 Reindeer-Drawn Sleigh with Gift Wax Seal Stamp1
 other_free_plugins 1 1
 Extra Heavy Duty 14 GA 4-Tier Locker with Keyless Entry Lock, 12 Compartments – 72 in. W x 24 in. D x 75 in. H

--

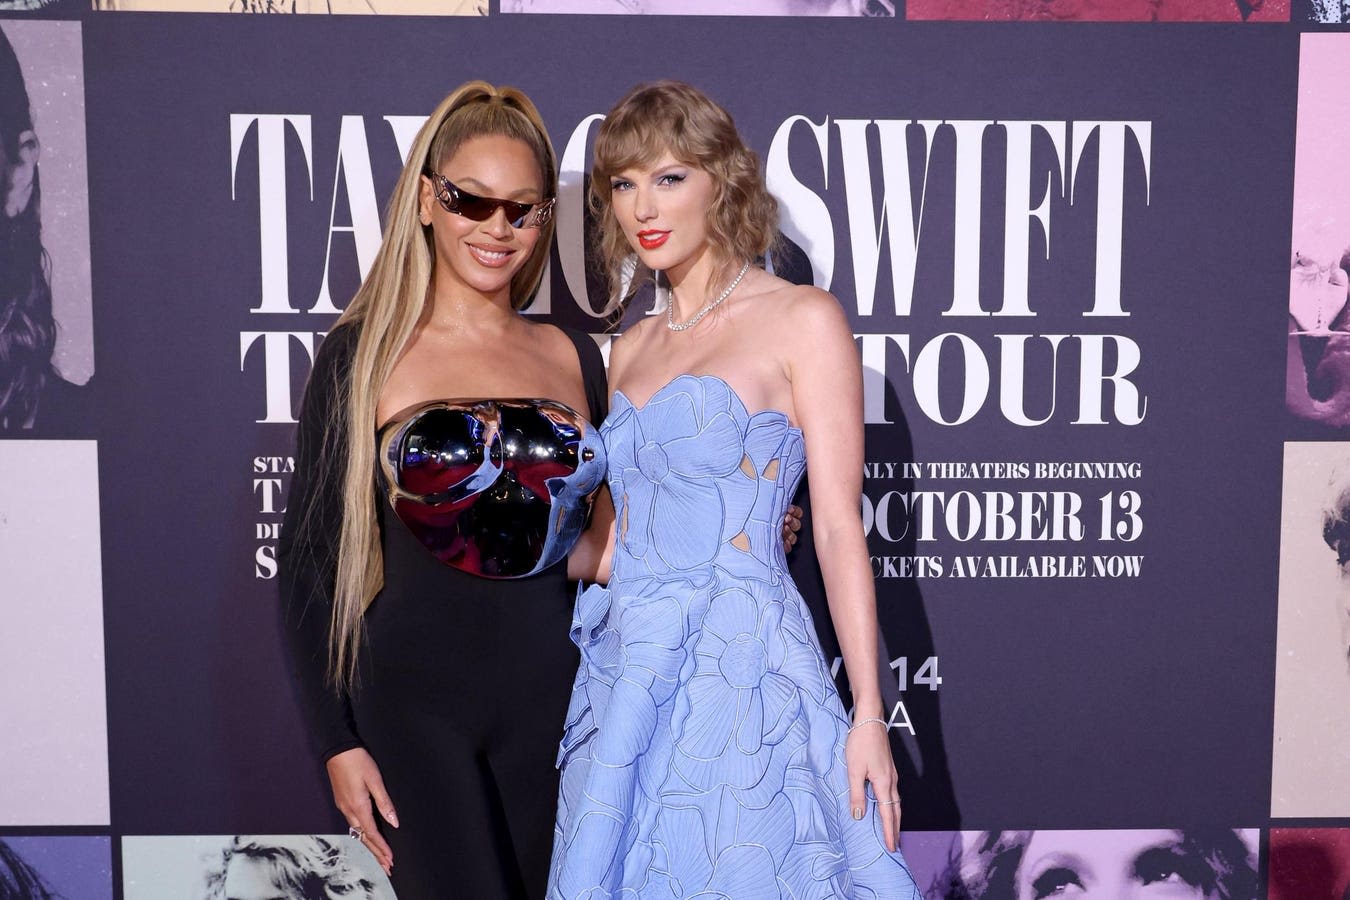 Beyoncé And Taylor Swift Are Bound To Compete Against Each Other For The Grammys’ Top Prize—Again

...

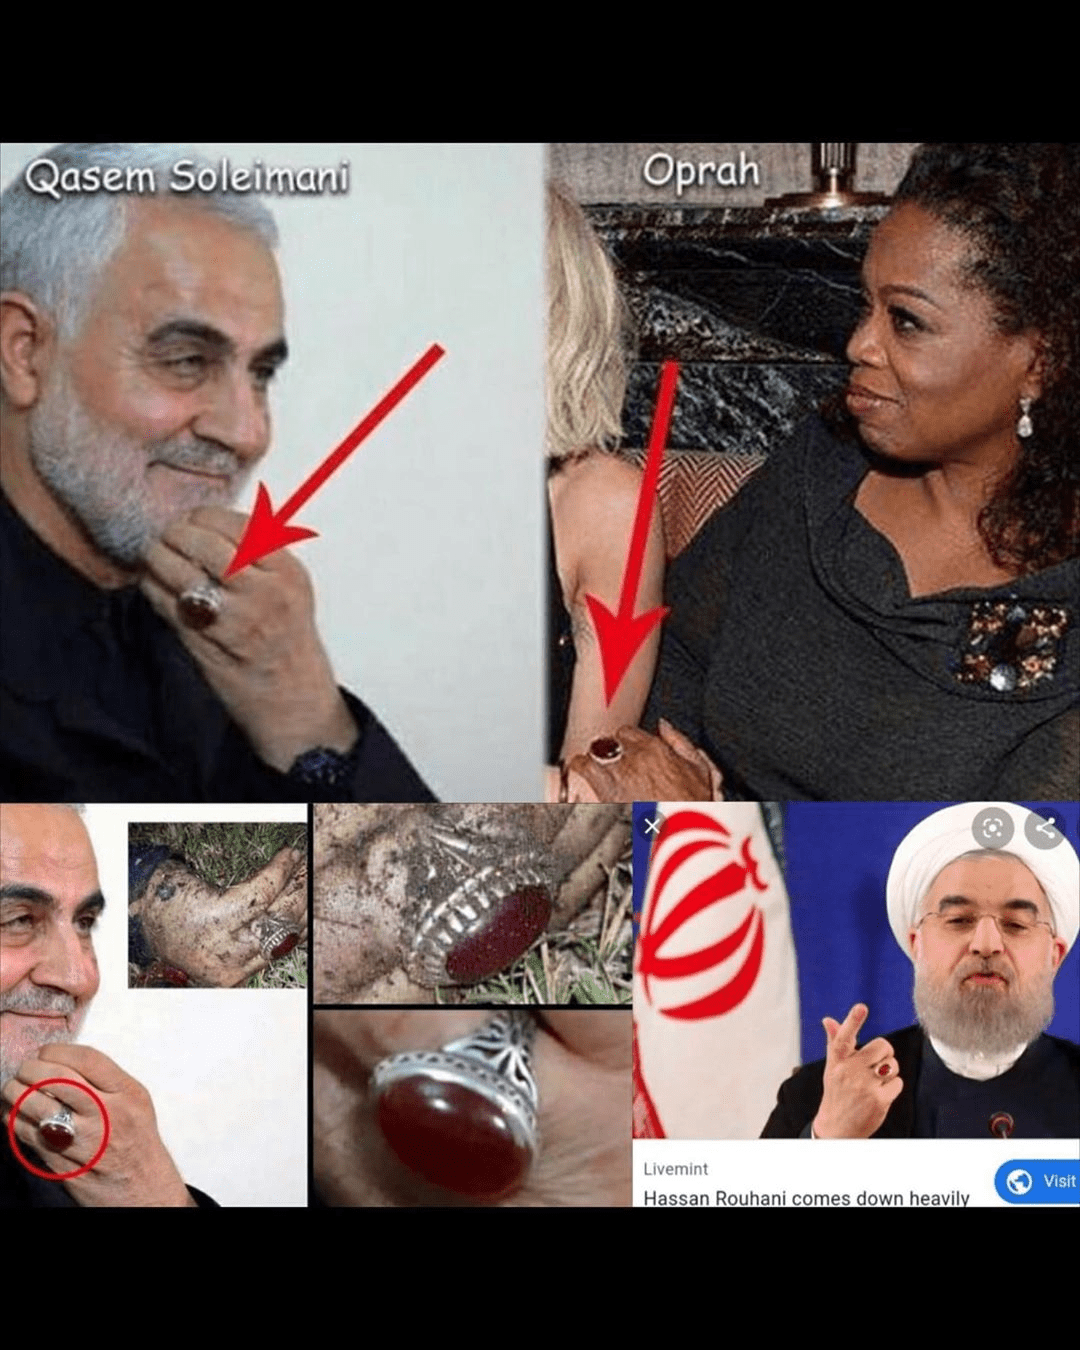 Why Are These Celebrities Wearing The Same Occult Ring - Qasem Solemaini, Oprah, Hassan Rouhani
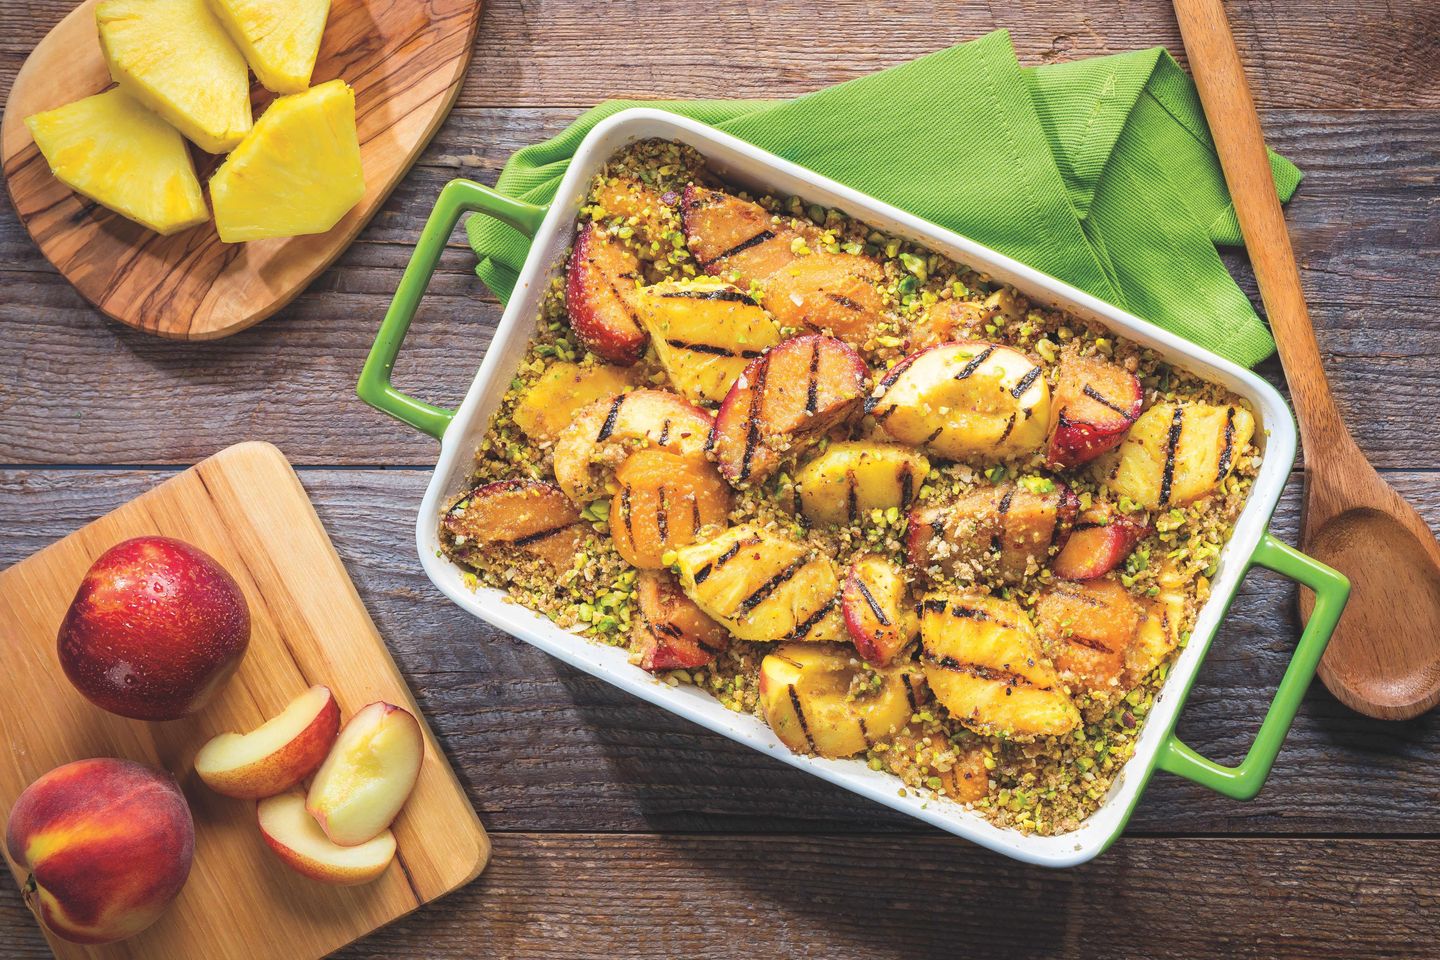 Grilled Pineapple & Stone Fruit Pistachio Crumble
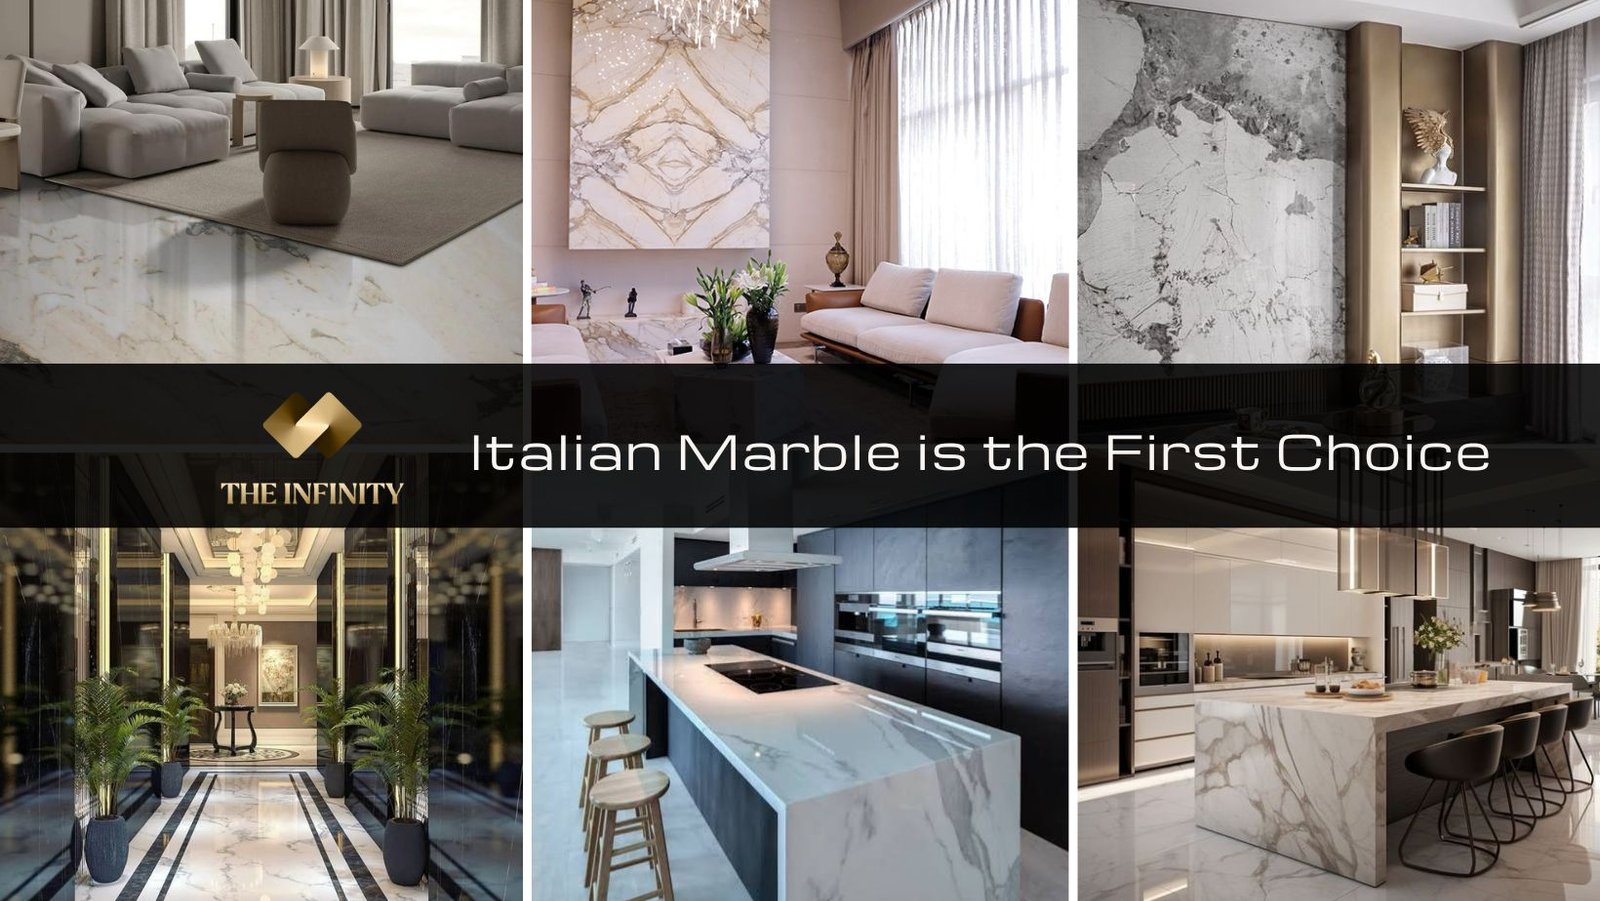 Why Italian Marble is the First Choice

**EXERCISE DETAILS**
Look for the string "with" in the records, and copy every line where it is found.

**OUTPUT FOR THIS EXERCISE**
 Reindeer-Drawn Sleigh with Gift Wax Seal Stamp1
 Extra Heavy Duty 14 GA 4-Tier Locker with Keyless Entry Lock, 12 Compartments – 72 in. W x 24 in. D x 75 in. H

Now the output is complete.